Why I'm writing this series
I went into this expecting to confirm what most developers I know assume -- that local models are still a year away from being useful for real work. Instead I came out the other side with a working setup that's competitive with my Anthropic subscription for a real subset of tasks, and "subscription-grade" for short conversational work.
The catch is that getting there required figuring out things that aren't documented anywhere obvious. Picking the right model variant. Realizing why some download tags will brick your laptop. Discovering that Claude Code sends a hidden header that destroys local cache performance. Patching a real production codebase to opt into local routing without breaking the fallback to the cloud.
The next four posts walk through it in order:
- Installing Ollama and picking the right Qwen model for a 64GB Mac (and learning the hard way that "fits" depends on context window settings too)
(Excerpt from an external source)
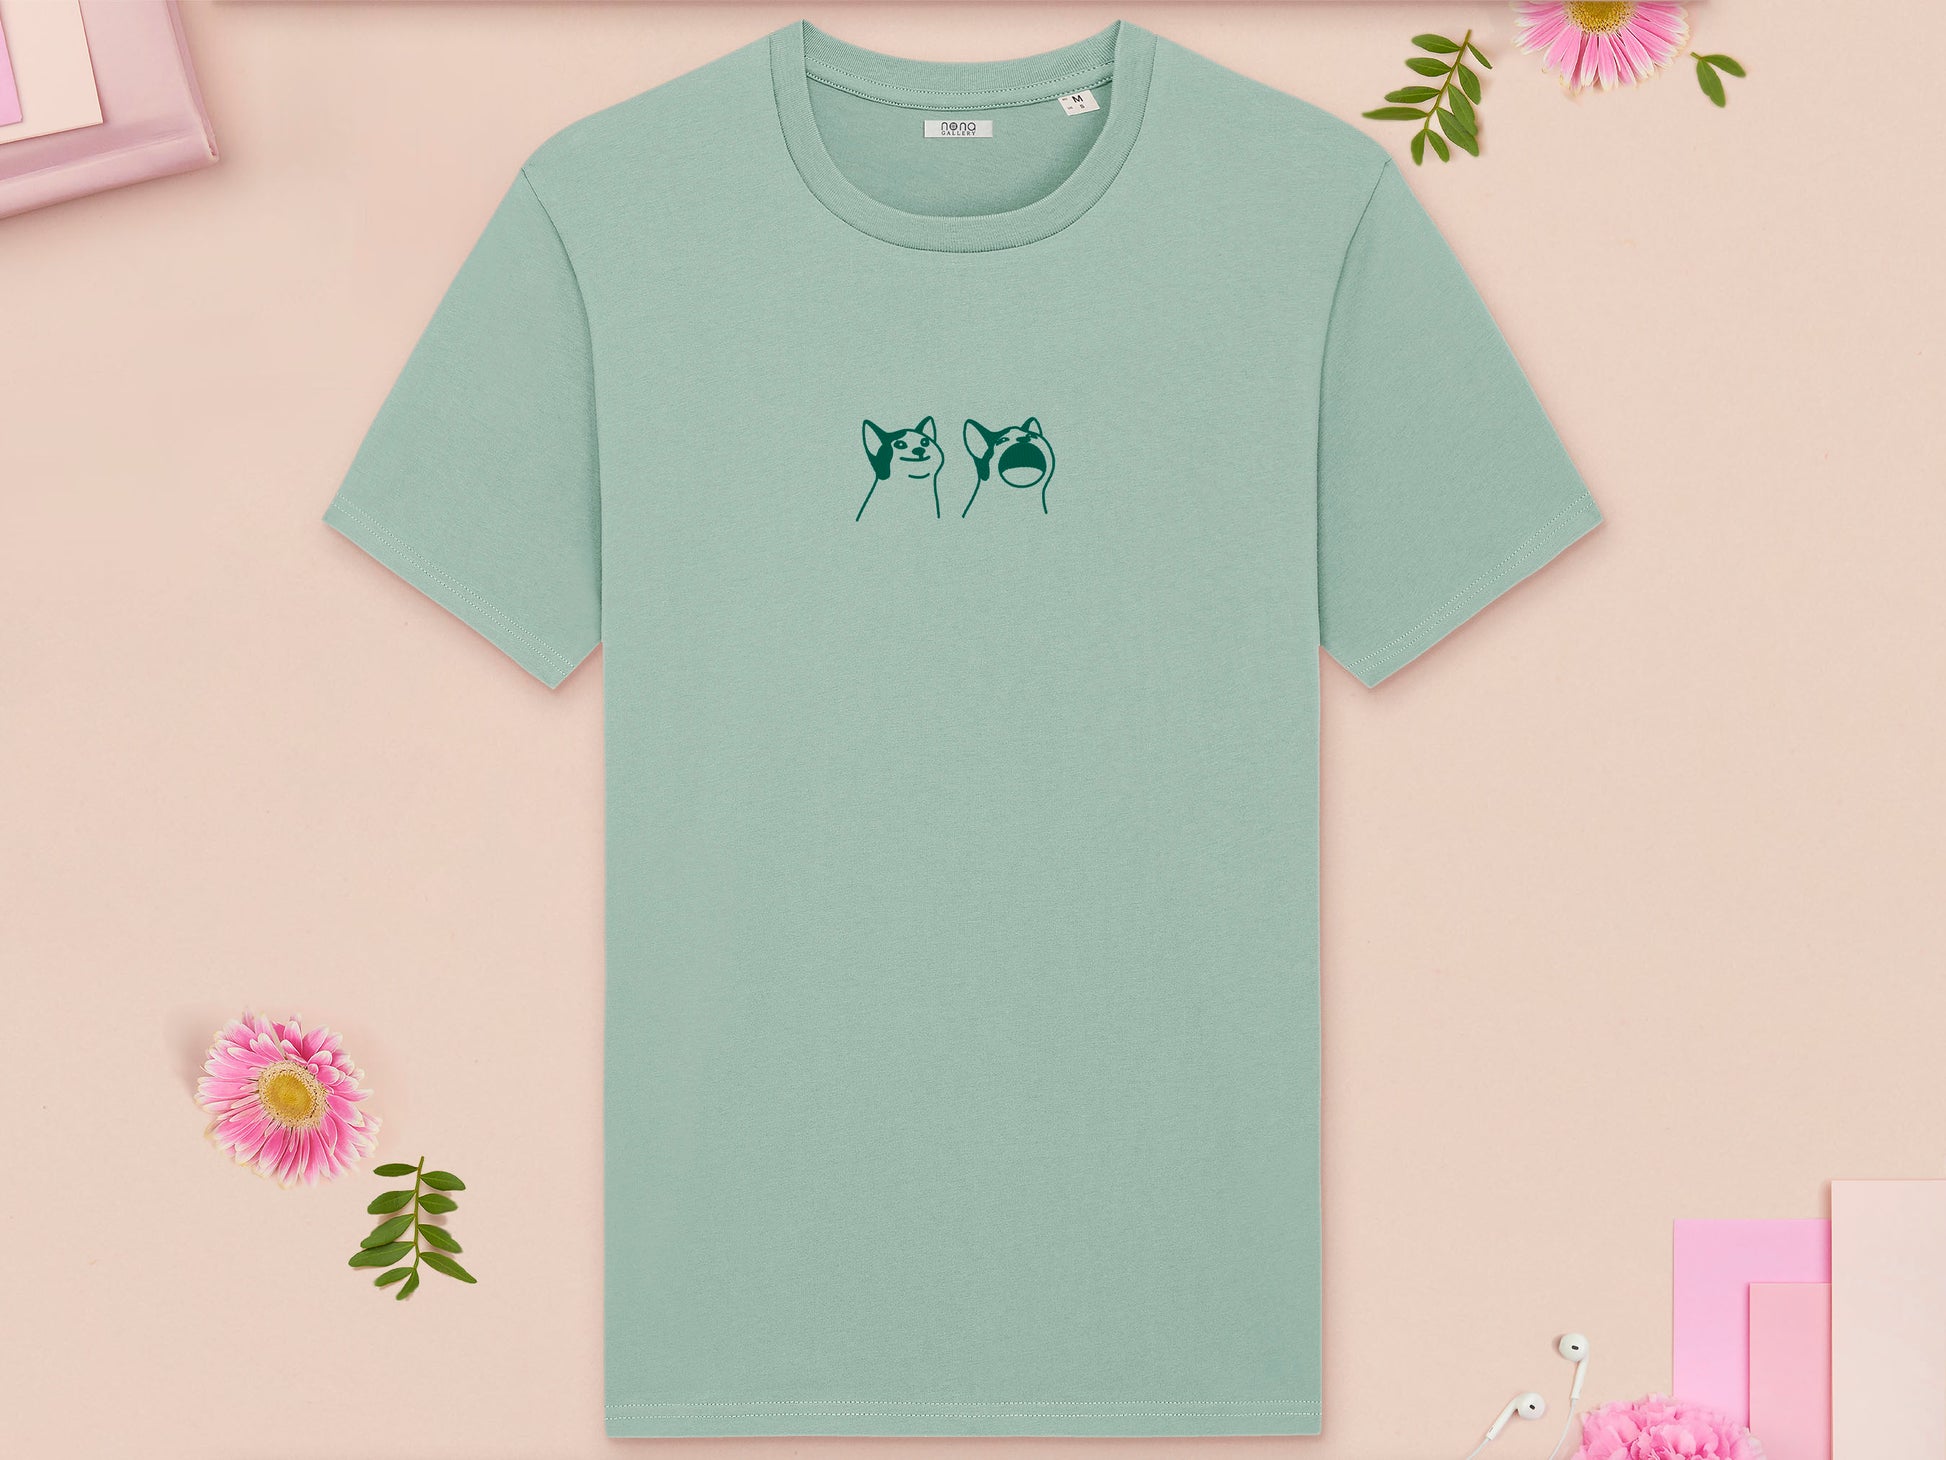 A green crew neck short sleeve t-shirt, with an embroidered green thread design of a cute popcat the cat meme reaction twitch emote

- Pointing Claude Code at the local model with one environment variable trick -- and the first painful side-by-side comparison
- The 80-second prompt and how to fix it -- the
--bareflag, the hidden cache-breaker header, and the tiny proxy that brought response times from 80 seconds to 1.1 seconds - Wiring local model support into a real project, where tool calls actually do work, and what's still legitimately hard
If you've been waiting for permission to try local LLMs for coding, this is it. The window where it was "interesting but impractical" is closing. By the end of this series you'll have a working setup, you'll understand the tradeoffs honestly, and you'll know exactly when to use local versus when to keep paying Anthropic.
And spoiler: I'm still on Max20. The conclusion isn't "switch to local." It's that for the first time, local is a serious tool in the box -- one that handles a real percentage of your day-to-day work faster, cheaper, and entirely offline.
That's a much bigger deal than it sounds.